Par Anselme Blagnon
« Ce qui se passe actuellement (dans la filière) fait très mal », affirme Marcel Zongo, transporteur d’un véhicule chargé de fèves de cacao stationné « depuis deux semaines », sur la voie menant à la société Cargill à San-Pedro (Sud-ouest de la Côte d’Ivoire) dont le port est le premier exportateur mondial de cacao.
Près du camion de M. Zongo, plus de 45 autres véhicules chargés de fèves de cacao sont immobilisés, attendant leur déchargement le long de la rue.
Installés par petits groupes près de leurs véhicules en devisant pour certains, ou réunis autour d’une tasse de thé pour d’autres, ces transporteurs y ont élu domicile depuis plusieurs jours au grand bonheur des commerçants ambulants.
Assis à l’ombre d’un arbre en compagnie de son ami Souleymane Zongo, M. Ouédraogo campe depuis deux semaines et avoue « ne pas comprendre véritablement ce qui se passe au niveau de la filière, de novembre 2016 à ce jour », ajoutant que les « patrons (responsables de Coopératives) disent qu’on ne les paye pas ».
Au centre-ville, des véhicules sont également parqués dans des stations d’essence et devant des entrepôts, le temps d’être réceptionnés par les sociétés vers lesquelles ils sont conduits.
Les sociétés reçoivent tout au plus « 20 camions par jour alors que (ceux) qui sont ici sont près de 200. C’est comme si rien n’était fait. On attend dans la fraicheur », lance l’air découragé un autre transporteur, Zacharia Gourane, lors d’un échange avec ceux qui partagent sa natte, trois « collègues » venus de Biankouma (Ouest) et Vavoua (Centre-Ouest) depuis une semaine comme lui.
Un ralentissement lié à la surproduction
La Côte d’Ivoire, premier producteur mondial du cacao avec une production de 1,5 million de tonnes en 2015, connaît un ralentissement des ventes en raison d’une « surproduction » de 110.000 tonnes de mi-novembre à décembre 2016 et une baisse de plus de 30% des cours mondiaux, selon le Conseil café-cacao (CCC) organe de régulation qui a maintenu le prix bord champ du kilogramme à 1.100 FCFA jusqu’au 31 mars.
Pour éviter des dépenses liées notamment au coût de location des véhicules, la société coopérative de Nem-Noma de Kouamékro (SCNK Sassandra) ne réceptionne plus de fèves de cacao depuis janvier « en attendant que la situation se décante ».
« C’est tellement difficile de faire décharger le cacao », confie le président du conseil d’administration de la coopérative, Grégoire Gangouané, pour qui il est préférable de ne pas « perdre du temps », étant donné que plusieurs usines de transformation de fèves ont « cessé » leurs activités, à l’exception de « Cargill et Touton ».
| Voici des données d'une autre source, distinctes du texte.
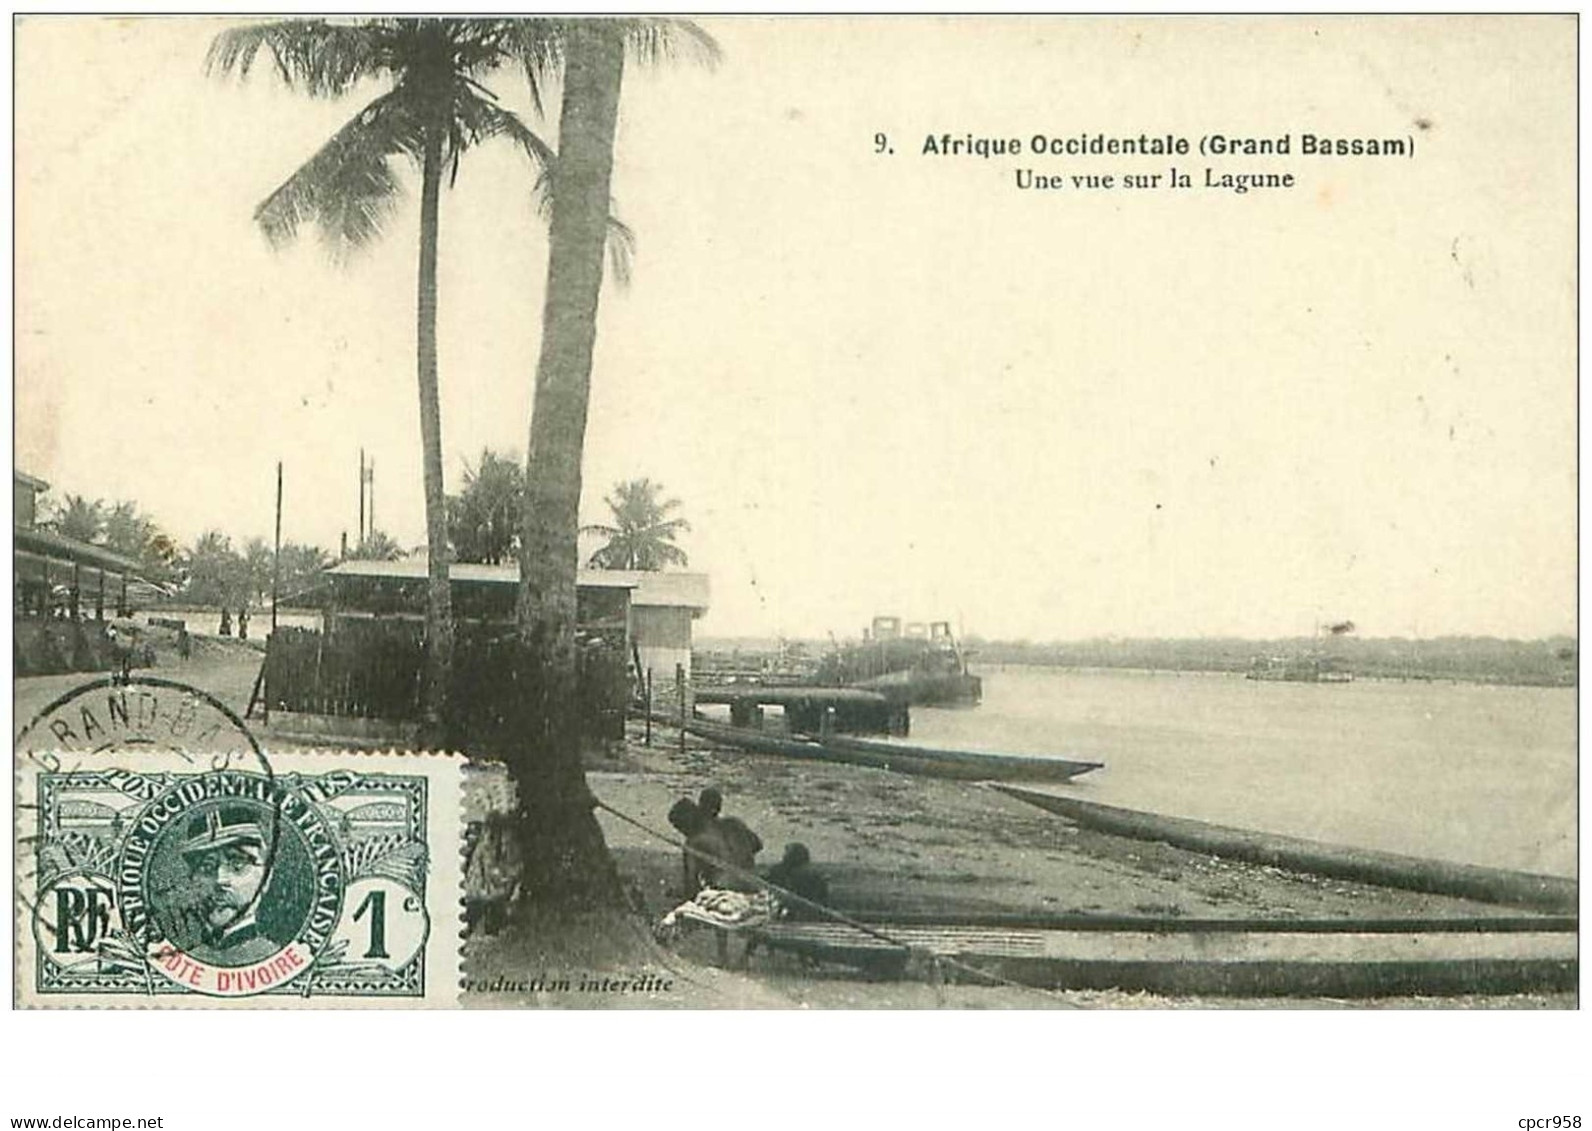 Cote D Ivoire. N°35373.une Vue Sur La Lagrune. Afrique Occidentale.grand Bassam - Elfenbeinküste

« Les usines disent que le prix d’achat (1.100 FCFA) du Kg de cacao proposé par le CCC ne les arrange pas, parce que le coût sur le marché international a connu une baisse qui a une répercussion sur le plan national », explique M. Gangouané.
Des transporteurs exposés à l’insécurité
En attendant de voir son camion déchargé, M. Ouattara, la quarantaine, passe ses nuits à la belle étoile avec les dangers qui peuvent survenir.
« En dormant dehors on s’expose à des agressions », souvent il y a des bandits qui viennent. Certains ont des machettes d’autres des lance-pierres », raconte M. Gourane. Pour éviter des agressions à la tombée de la nuit, chauffeurs et apprentis se relaient pour assurer la sécurité des engins et de leurs contenus.
Les activités liées à l’exportation du cacao n’ont « jamais été interrompues », selon un responsable du port, expliquant que le passage des véhicules se fait par rotation et qu’ »il y a toujours des sorties. Une fois qu’il y a des navires qui sont là pour prendre les marchandises, les embarcations sont faites ». Une information confirmée par la direction régionale du Conseil café-cacao.
Pour protester contre le blocage de plusieurs milliers de tonnes de cacao dans les ports ivoiriens, à la suite de l’enlisement du système d’achat mis en place par les autorités de la filière, le syndicat national agricole pour le progrès en Côte d’Ivoire (SYNAP-CI) et d’autres associations ont entamé mercredi une grève illimitée.
Avec une production moyenne annuelle de plus 1.200.000 tonnes, soit 41% de l’offre mondiale, l’économie cacaoyère fournit environ 40% de recettes d’exportation et contribue à hauteur de 10% au Produit intérieur brut (PIB) du pays.